After insulting Central Americans (anchor babies), Asians (the real anchor babies) & AfroAmericans (free stuff), Jeb! suddenly realized he had left out AmerIndians:

There was a big argument about the Washington Redskins, the 'Redskins' being a pejorative term. I think 'Washington' is the pejorative term, not the 'Redskins.' -- Jeb!

Jesse Byrnes of the Hill: The owner of the NFL team, Daniel Snyder, has stood firmly behind the Redskins name. He also donated $100,000 to the pro-Bush super-PAC Right to Rise earlier this year.

Beyond the Beltway

Alex Isenstadt of Politico: "A federal judge on Friday threw out four of five counts stemming from a campaign fraud case against Jesse Benton, a top political adviser to Kentucky Sen. Rand Paul. In August, Benton was indicted on charges of concealing payments to an Iowa state senator while working for Paul's father, Ron, during the 2012 presidential race. But John Jarvis, the chief judge for the southern district of Iowa, dismissed most of the charges against Benton, leaving one remaining count, alleging that Benton lied to federal investigators. Since his indictment, Benton has been on leave from America's Liberty PAC, a political action committee he helped to found that supports Rand Paul's presidential campaign."

Lori Aratani & Paul Duggan of the Washington Post: Washington "Metro will become the first U.S. subway system placed under direct federal supervision for safety lapses under a plan announced late Friday by Secretary of Transportation Anthony Foxx."

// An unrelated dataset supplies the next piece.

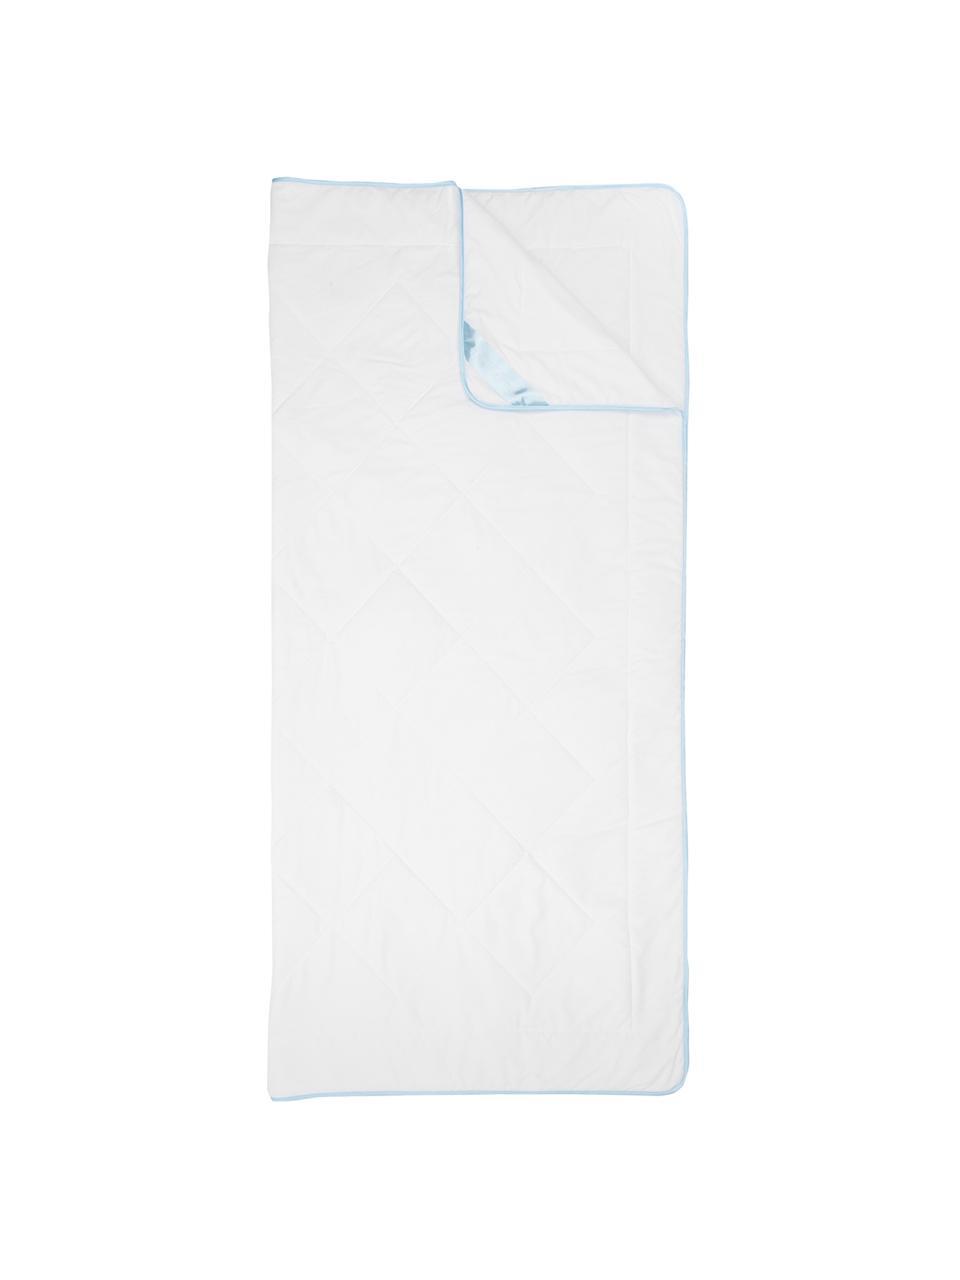 Microfaser-Bettdecke, leicht, Bezug: Microfaser mit Rautenstep, leicht, 135 x 200 cm

Greg Botelho & Sonia Moghe of CNN: "The family of the late Walter Scott and the city of North Charleston, South Carolina, have reached a $6.5 million settlement. The North Charleston City Council approved the settlement on Thursday night. Scott was fatally shot on April 4 by former North Charleston police officer Michael Slager after being pulled over, reportedly for a broken brake light, and later struck in the back as he was running away from police."

Charles Pierce on the shooting at Northern Arizona U. in Flagstaff: "So, the 'mental illness' dodge isn't going to work this time. This is an ordinary Thursday night campus brawl that escalated to homicide only because one of the participants had a gun which, I guarantee you, he did not have to work hard to obtain. Maybe we should look into why these things happen. No. Because we are free. One per week now. That's the American way." (Also linked yesterday afternoon.)

News Ledes

New York Times: "Two devastating explosions struck Saturday morning in the heart of Ankara, the Turkish capital, killing more than 80 people who had gathered for a peace rally and heightening tensions just three weeks before snap parliamentary elections. At least 86 people were killed and 186 were wounded, said the health minister...."

Washington Post: "Jerry S. Parr, the quick-thinking and fast-moving Secret Service agent who was credited with saving the life of President Ronald Reagan after the 1981 assassination attempt in Washington, died Oct. 9 at a hospice center near his home in Washington. He was 85."